Ma mère reprit courage. Un sourire illumina sa face.
- C’est exactement ce que je pensais, dit-elle en se précipitant vers l’escalier.
Elle descendit les marches à toute allure. Pour la première fois de ma vie, je la voyais courir. Je la suivis. Je ne pouvais pas espérer la gagner de vitesse. Quand j’arrivai dans le couloir d’entrée ma mère discutait déjà par l’entrebâillement de la porte avec un personnage invisible. L’ombre disait d’une voix rude :
- Il va bien, il travaille beaucoup et met tout son argent de côté. Il vous dit de ne pas vous inquiéter à son sujet. Il m’a donné ceci pour vous.
Je ne voyais pas ce qu’il remettait à ma mère par la fente de la porte. Ma mère retroussa le bas de sa robe et serra précieuse- ment dans ses plis le trésor que lui remettait l’inconnu.

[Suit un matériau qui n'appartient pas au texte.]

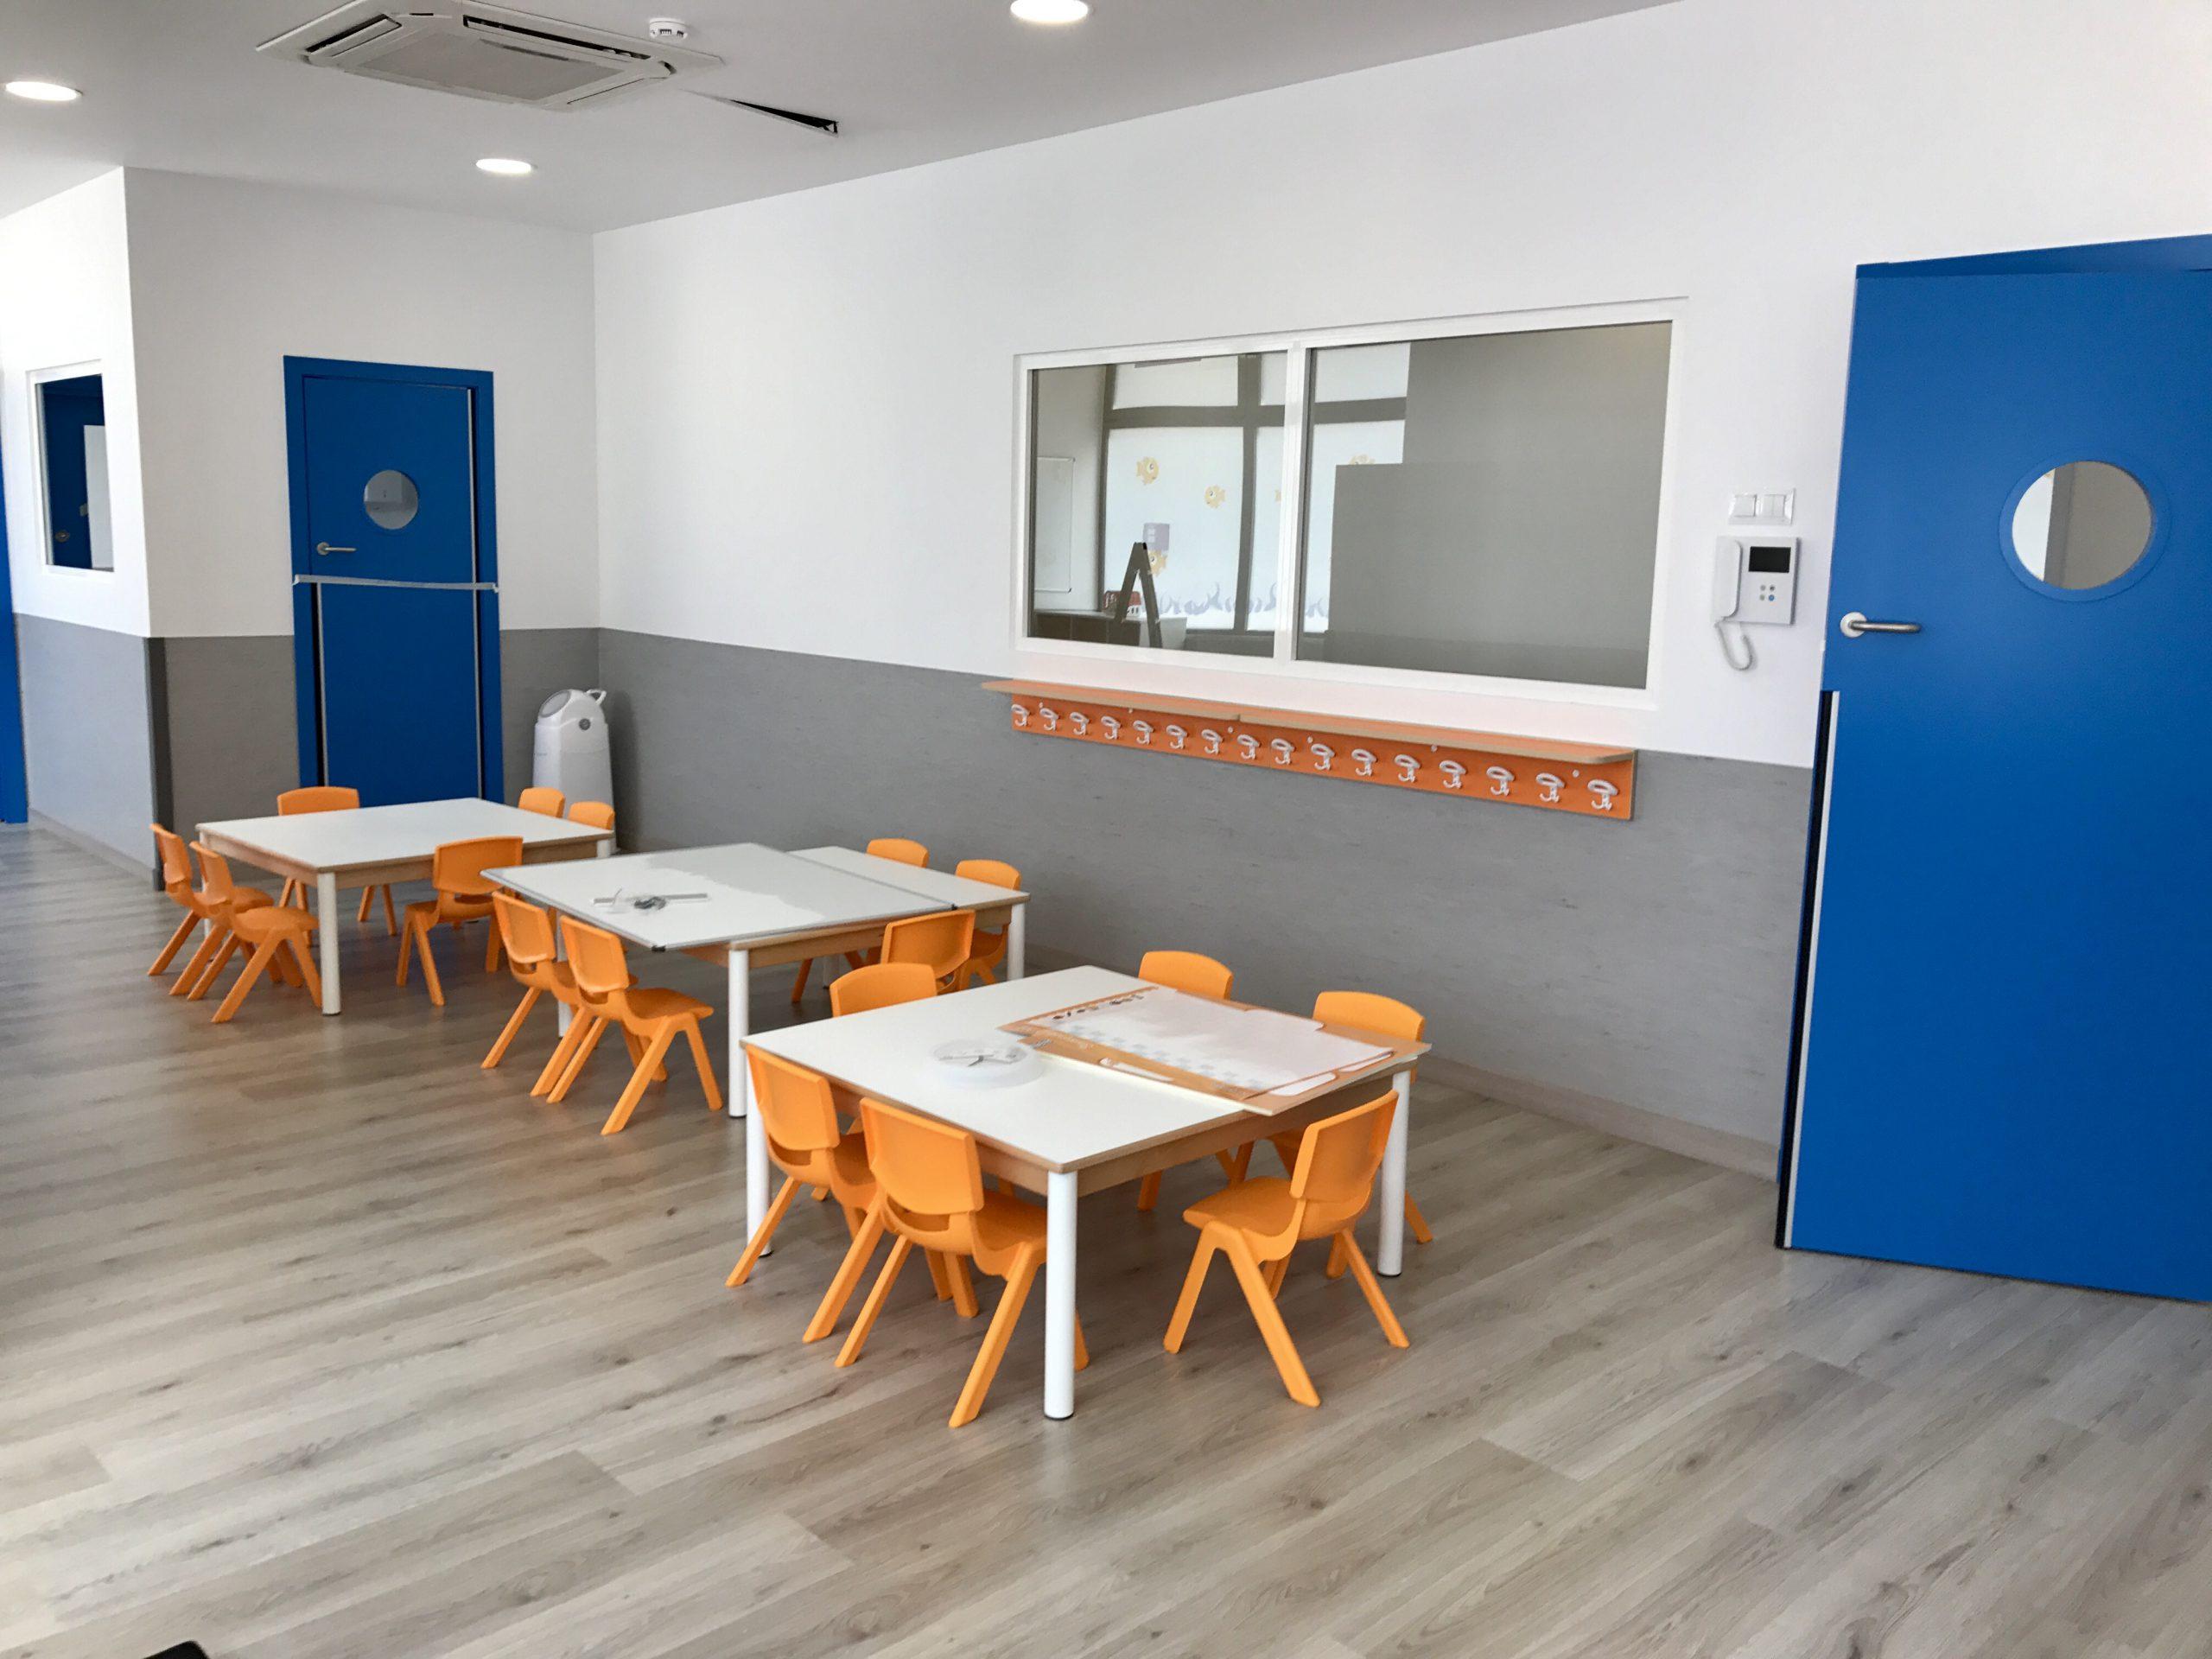 Aula 2-3 (2) Guarderia Nemomarlin Alcobendas

- Il y a encore ceci, dit la voix. C’est tout. Je quitte la ville demain matin, je verrai le maalem Abdeslem dès mon arrivée au douar. Que dois-je lui dire de ta part ?
- Dis-lui que Sidi Mohammed va beaucoup mieux.
- Louange à Dieu ! Sa santé l’inquiétait beaucoup. Je m’en vais ; restez en paix.
- La paix t’accompagne, messager de bon augure.

La porte se ferma. Ma mère traversa le patio et monta précipitamment l’escalier.
Déjà, les questions fusaient de toutes les chambres. Rahma se pencha à la fenêtre, Kanza qui lavait près du puits lâcha ses, seaux et son savon, Fatma Bziouya abandonna son rouet, toutes interrogeaient à la fois ma mère sur la santé de mon père, sur son nouveau travail, sur l’endroit où il se trouvait. Mais ma mère répondait par des mots vagues suivis d’un cortège de formules de politesse. La curiosité de nos voisines se montrait tenace. Elles désiraient toutes savoir ce que mon père nous avait envoyé. Je sentais que ma mère tenait à les faire languir. Quand j’arrivai dans notre chambre, je trouvai, posés sur la petite table ronde, une douzaine d’œufs, un pot de terre ébréché plein de beurre et une bouteille d’huile d’un brun sombre. Je regardai ma mère, elle rayonnait de joie. Ses yeux étaient remplis de larmes.
- Regarde, me dit-elle, ce que ton père nous a envoyé ! Il ne nous a pas oubliés. Il est loin, mais il veille sur nous. Il nous a même fait parvenir de l’argent. Regarde ! Regarde !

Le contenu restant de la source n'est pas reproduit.